PythonからPyAudioで録音/再生してみる

Tweet

トビウオが 2018年11月28日 - 18:09 に投稿

概要

Python用ライブラリ「PyAudio」を使用して、マイクから録音・スピーカーから再生・取得した音声のリアルタイム分析まで行ってみました。

準備

ライブラリをインストールする際、依存ライブラリが存在することに注意する必要があります。
単に「pip install pyaudio」だけでは、依存ライブラリ不足でインストールが止まってしまうことがあるからです。
そのため、Mac OSの場合「brew install portaudio」、Linuxの場合「sudo apt-get install portaudio19-dev python-all-dev」が必要になります。詳しくは他の方の記事を参照してください。

使用方法

まず、PyAudio型のインスタンスを作成する必要があります。PyAudio型には__enter__や__exit__が実装されていませんので、破棄する際は明示的にterminate()メソッドを叩く必要があります。

import pyaudio
p = pyaudio.PyAudio()

# (この間に、PyAudioによる処理を行う)

p.terminate()

次に、PyAudio型のインスタンスから実行できる処理について示します。

利用できるデバイスについて調べる

録音用や再生用に使用できるオーディオデバイスの一覧を取得できます。
ただし、APIとして用意されているのは「デバイスの数を取得する」メソッドと「指定したインデックスのデバイスの情報を取得する」メソッドであり、「デバイスの一覧を取得する」メソッドは無いので注意が必要です。

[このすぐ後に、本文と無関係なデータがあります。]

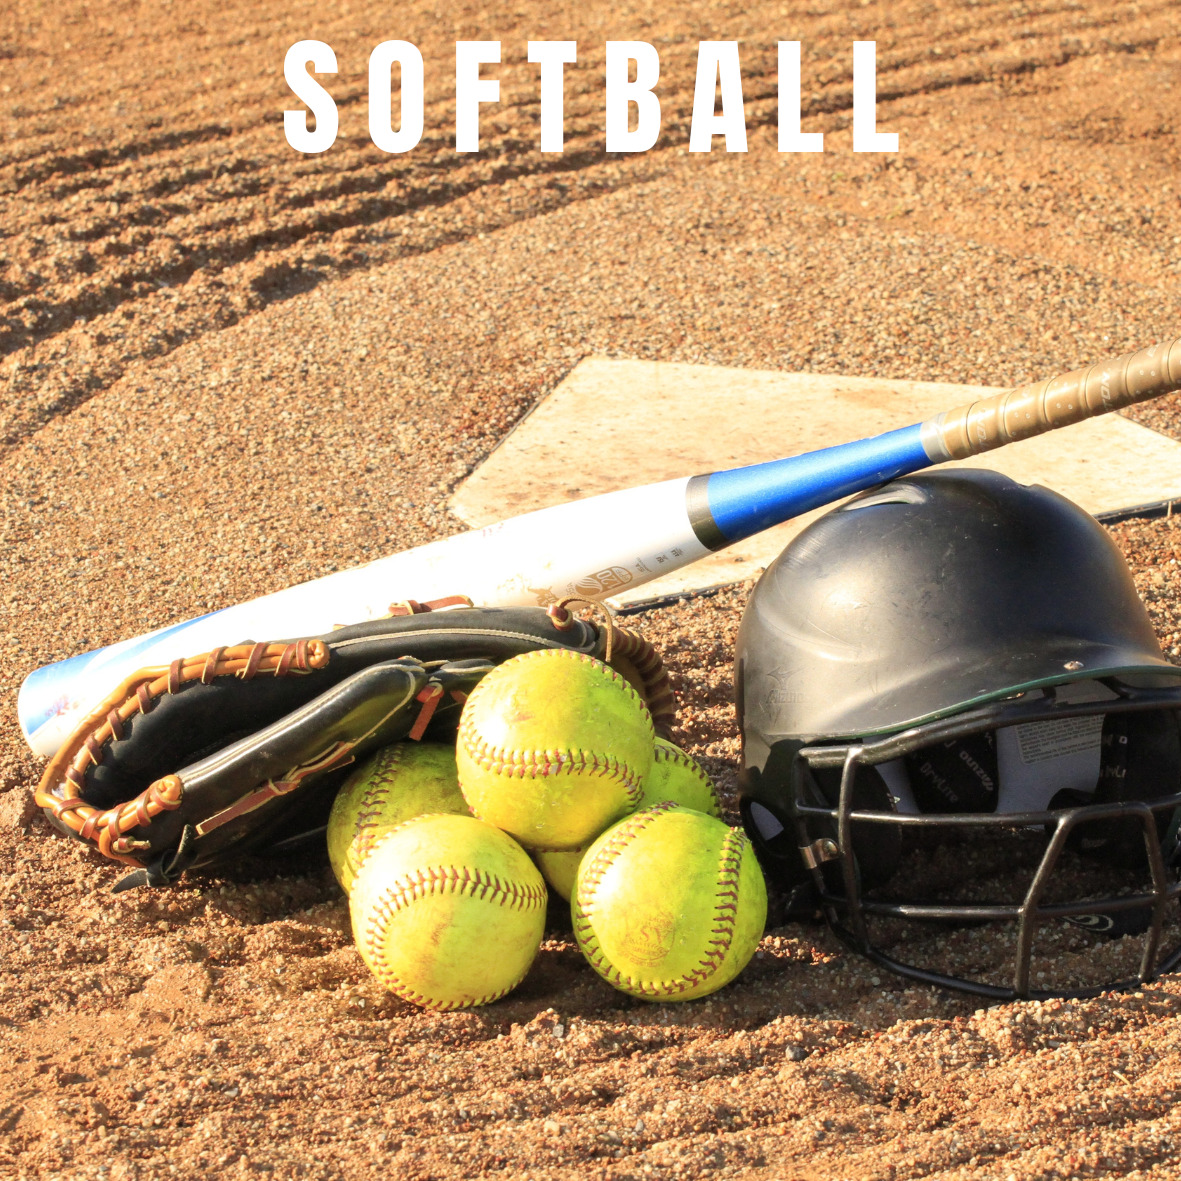 softballs with bat and helmet on dirt field

for index in range(0, p.get_device_count()):
    print(p. get_device_info_by_index(index))

また、PyAudioはPortAudioというクロスプラットフォームなオーディオライブラリのラッパーです。PortAudioでは

オーディオデバイスの種類を「Host API(大分類)」
Host APIが持つオーディオインタフェースを「Device(小分類)」

と呼んで管理しており、PyAudioでもそれを参照して操作できます。

for host_index in range(0, p.get_host_api_count()):
    print(p. get_host_api_info_by_index(host_index))
    for device_index in range(0, p. get_host_api_info_by_index(host_index)['deviceCount']):
        print(p.get_device_info_by_host_api_device_index(host_index, device_index))

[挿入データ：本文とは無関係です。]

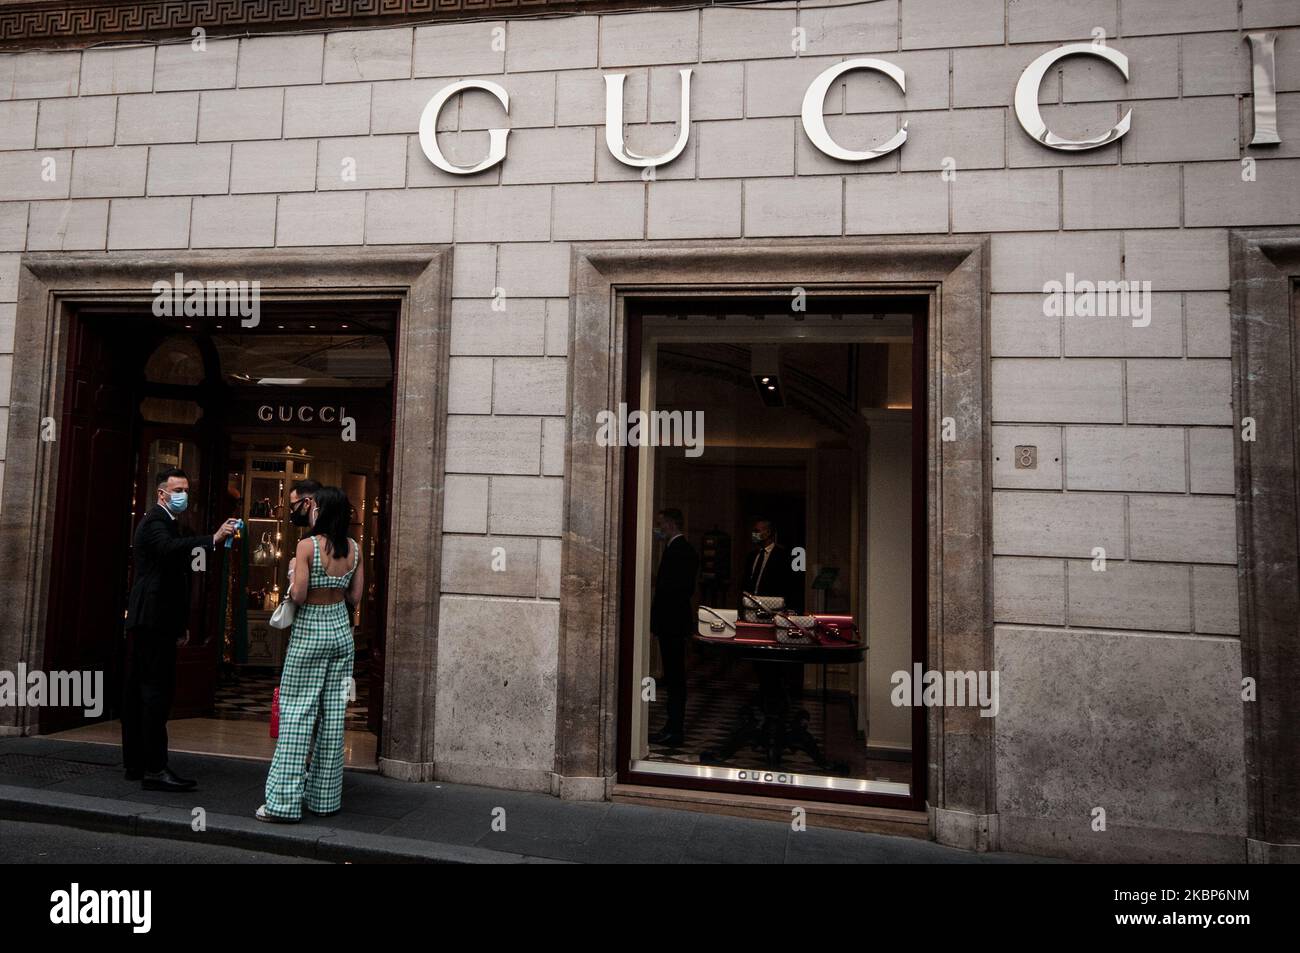 GUCCI - 51 Photos & 30 Reviews - Via Condotti 6, Roma, Italy - Men's  Clothing - Phone Number - Yelp

より詳しく理解するため、コンピューターのオーディオデバイスが以下の表の状態だった場合で説明します。

host_api index	device_index 1	device_index 2	name
0	0	0	A
0	1	1	B
0	2	2	C
1	0	3	D
1	1	4	E
2	0	5	F

# Host APIの総数を返す(この値は3)
host_api_count = p.get_host_api_count()

# 指定したHost APIの情報を返す
host_api_info1 = p.get_host_api_info_by_index(0)
host_api_info2 = p.get_host_api_info_by_index(1)

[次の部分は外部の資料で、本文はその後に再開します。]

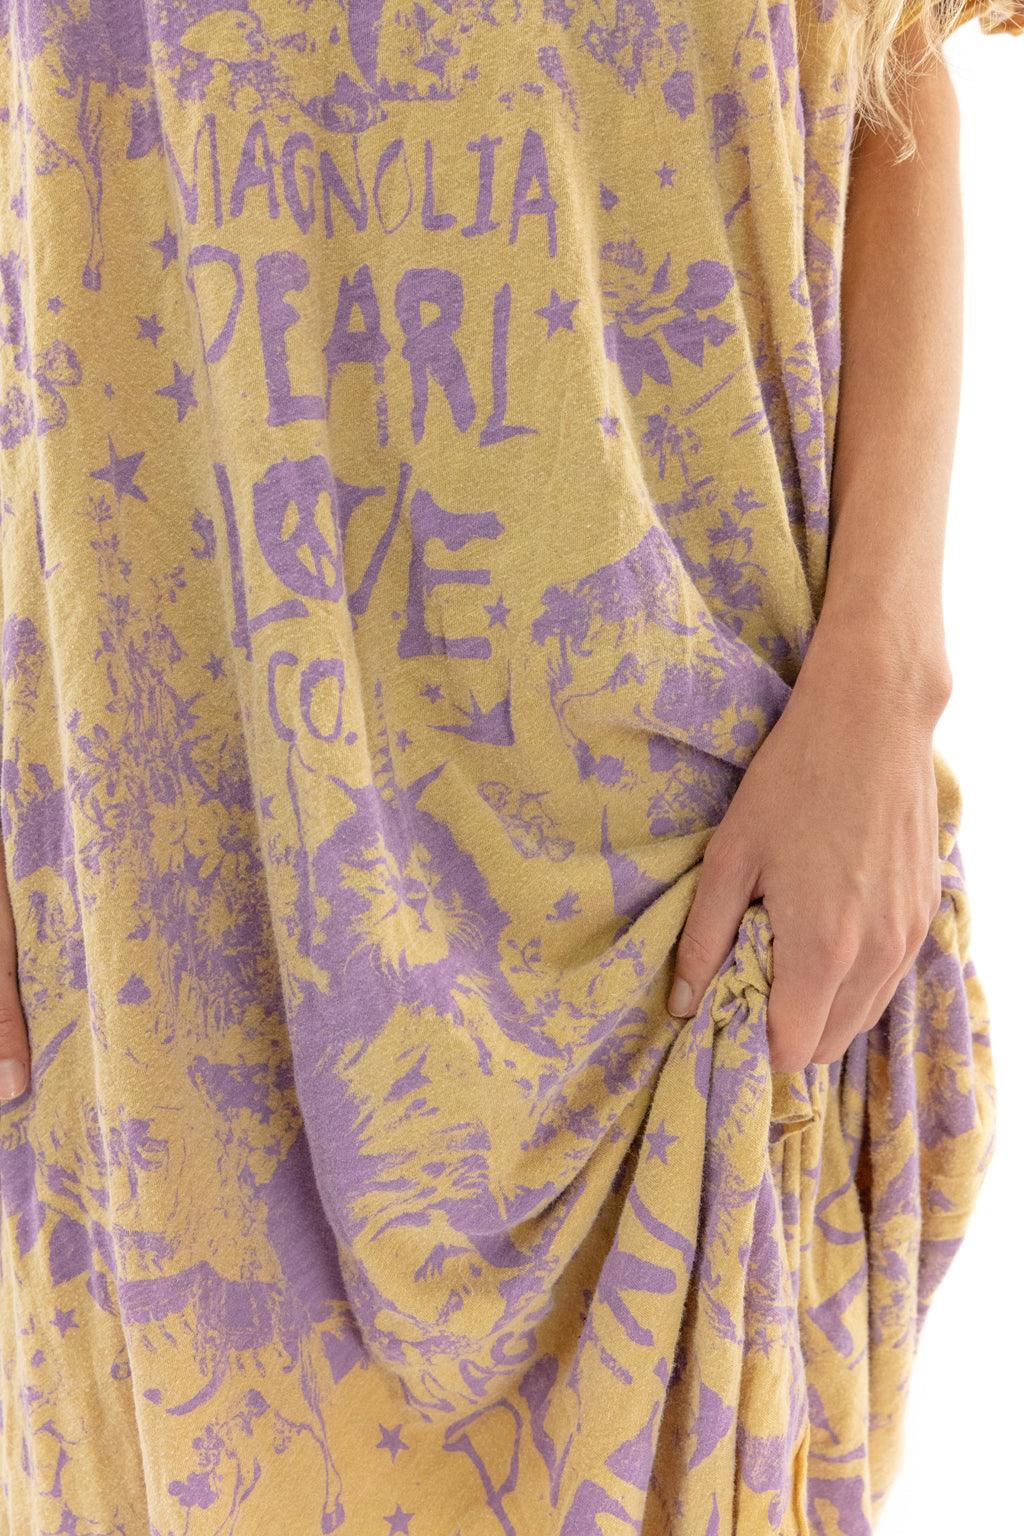 MP Love Co. Unicat T Dress - Magnolia Pearl Clothing

# Host APIの情報から、それに連なったDeviceの数を返す
device_count1 = host_api_info1['deviceCount']  # host_api_index=0なので、この値は3
device_count2 = host_api_info2['deviceCount']  # host_api_index=1なので、この値は2

# 指定したHost APIの、指定したDeviceの情報を返す
# 第二引数は、上記の表で言えば「device_index 1」に相当
device_info1 = p.get_device_info_by_host_api_device_index(0, 0)  # 値はA
device_info2 = p.get_device_info_by_host_api_device_index(0, 1)  # 値はB
device_info3 = p.get_device_info_by_host_api_device_index(1, 0)  # 値はD

# デバイスの総数を返す(この値は6)
device_count = p.get_device_count()

# 指定したデバイスの情報を返す
# 引数は、上記の表で言えば「device_index 2」に相当
device_info4 = p.get_device_info_by_index(0)  # 値はA
device_info5 = p.get_device_info_by_index(1)  # 値はB
device_info6 = p.get_device_info_by_index(3)  # 値はD

ここで、get_host_api_info_by_index()およびget_device_info_by_index()から取得できる、Host APIの情報・Deviceの情報はそれぞれ次の通りです。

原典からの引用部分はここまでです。